First bishop of Babylon and one of the Seventy Apostles

Legend makes Abdias (or Obadiah) first bishop of Babylon and one of the Seventy Apostles who are collectively mentioned in the Gospel of Luke . Saints Simon and Jude allegedly consecrated him as the first Bishop of Babylon. He is also associated with St. Thomas and St. Addai, recognized as the first Patriarch of the Church of the East in Syriac Christianity.

==History of the Apostolical Contest==

An apocryphal work in ten books called Historia Certaminis Apostolici ("History of the Apostolical Contest") was traditionally ascribed to an Abdias, assumed to be this bishop of Babylon. It is a major collection of New Testament apocrypha, which tells of the labors and miracles, persecution and deaths of the Apostles. It exhibits a taste for the marvelous that places the narratives in the genre of heroic romances, of which "these stories came at length to form a sort of apostolic cycle"

This compilation purports to have been translated from Hebrew into Greek by "Eutropius", a disciple of Abdias, and, in the third century, from Greek into Latin by Sextus Julius Africanus, the friend of Origen, or as reported in Golden Legend by his disciple Tropaeus Africanus.

Later scholarship determined the book was originally written in Latin, probably around 910 AD, long after the death of Abdias of Babylon. The most obvious clues include the book's citations of the Vulgate of St Jerome, of the Ecclesiastical History of Rufinus and of his Latin translation of the Recognitiones of Clement.

An earlier date of composition is given by R. A. Lipsius, who theorizes the work was compiled during the latter half of the sixth century, in an unidentified Frankish monastery, for the purpose of satisfying the natural curiosity of Western Christians. At the same time the author of this Historia used much older pseudo-Apostolic materials that he abridged or excerpted to suit his purpose. He often revised or expurgated to conform them to Catholic teaching, because many of the writings that he used were originally Gnostic compositions, filled with Gnostic speeches and prayers.

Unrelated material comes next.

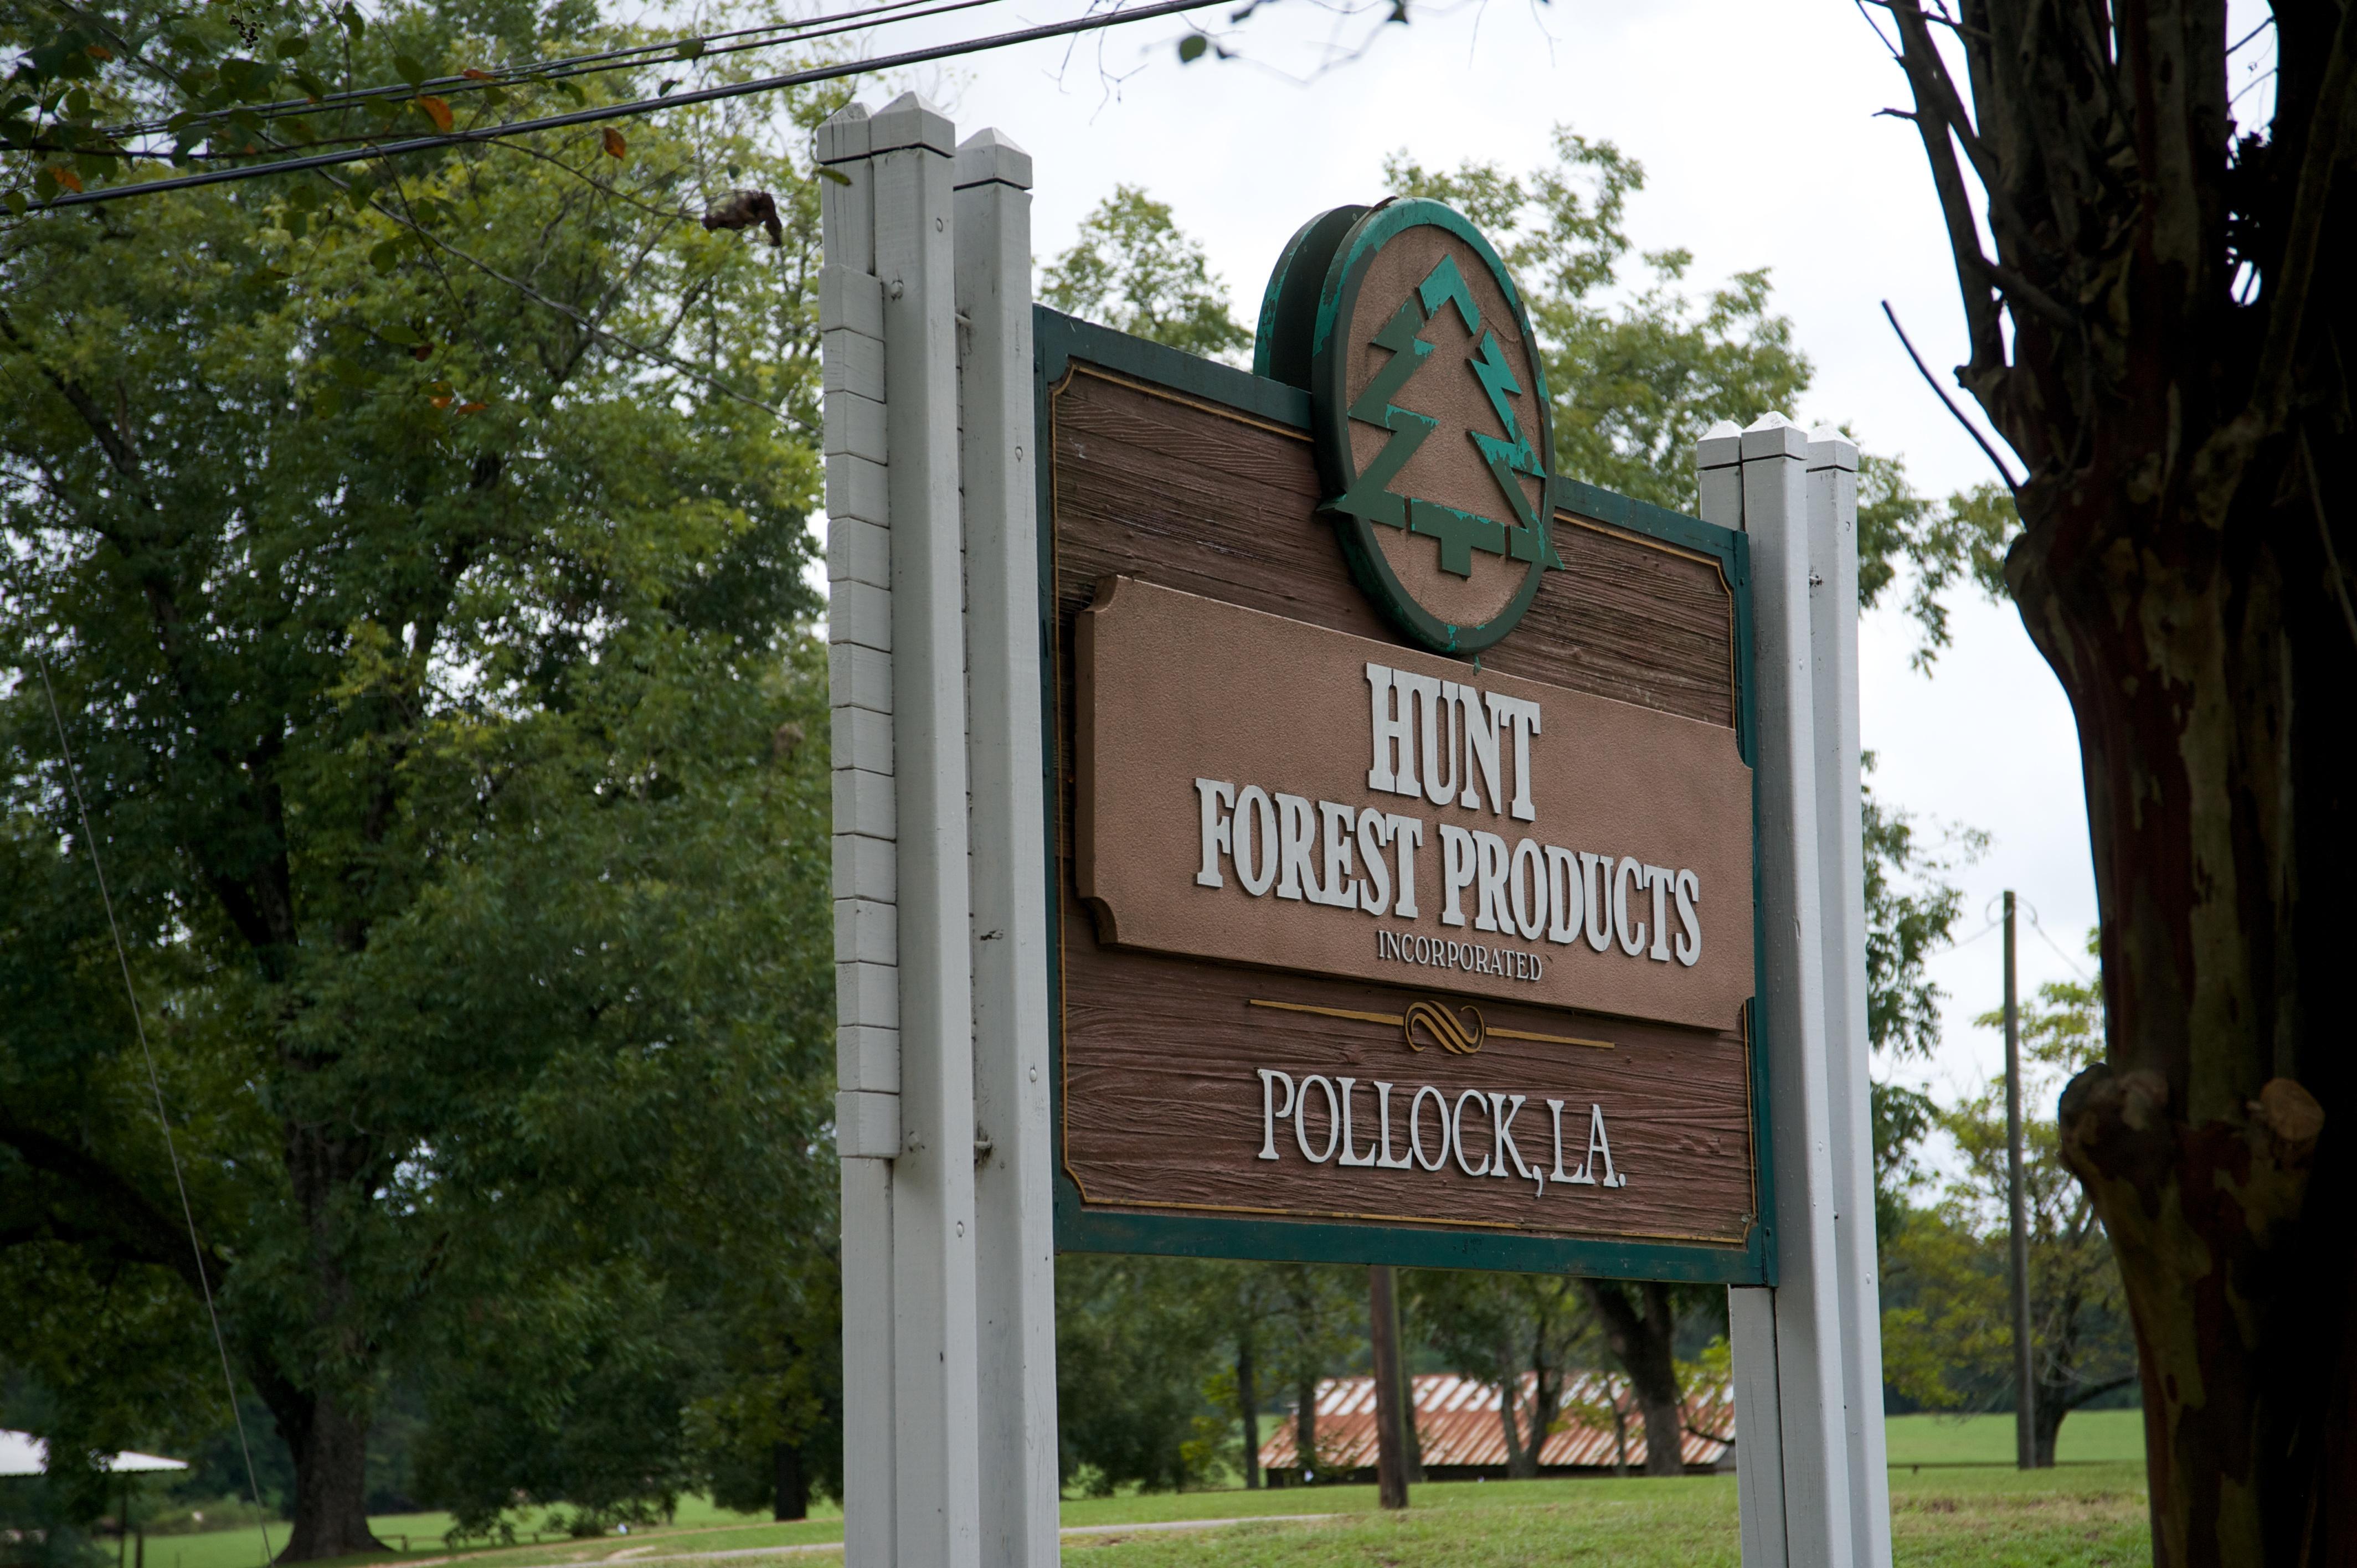 Welcome to HFP's Pollock, Louisiana facility!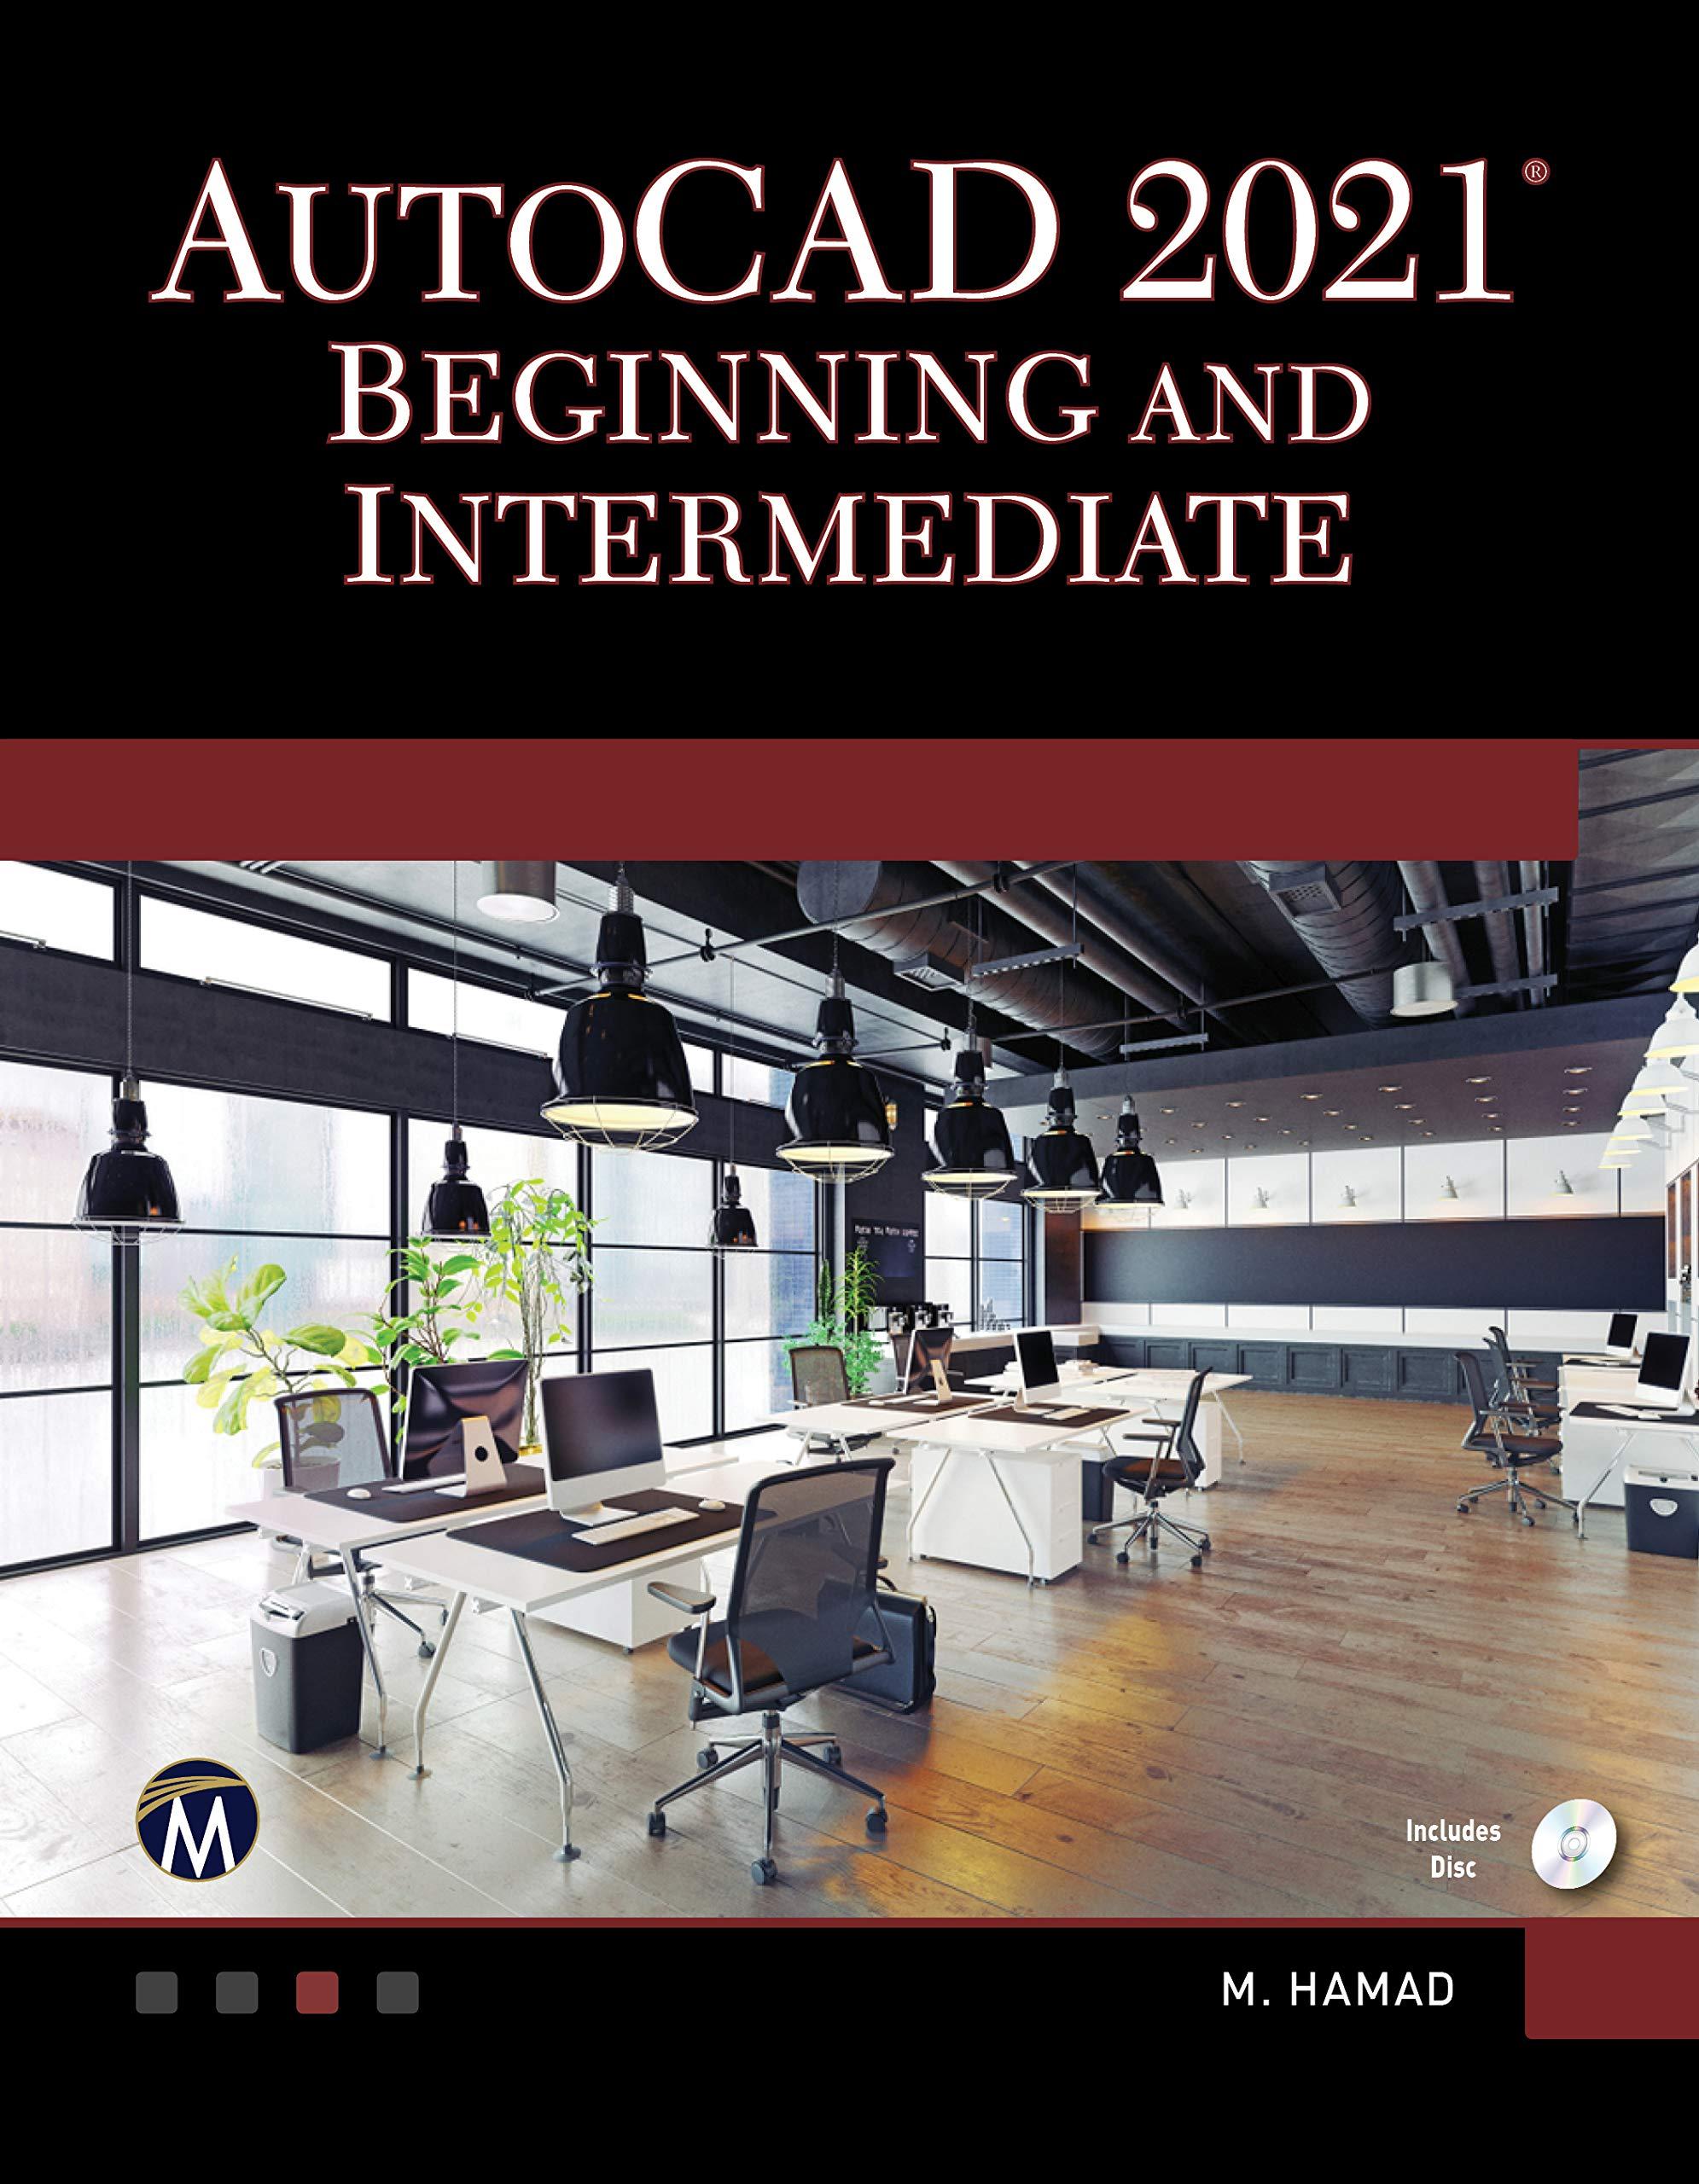 AutoCAD 2021 Beginning and Intermediate: Amazon.es: Hamad, Munir: Libros en idiomas extranjeros

The work is of interest because of what the author claims to have drawn from the ancient Acta of the Apostles, and because of many ancient legends which have survived in this collection. The text of the compiler who may then be called the Pseudo-Abdias may be found in Constantin von Tischendorf, and in the Codex Apocryphus Novi Testimenti of Johann Albert Fabricius. There are also parallel texts of single books printed in the Bollandists' Acta Sanctorum.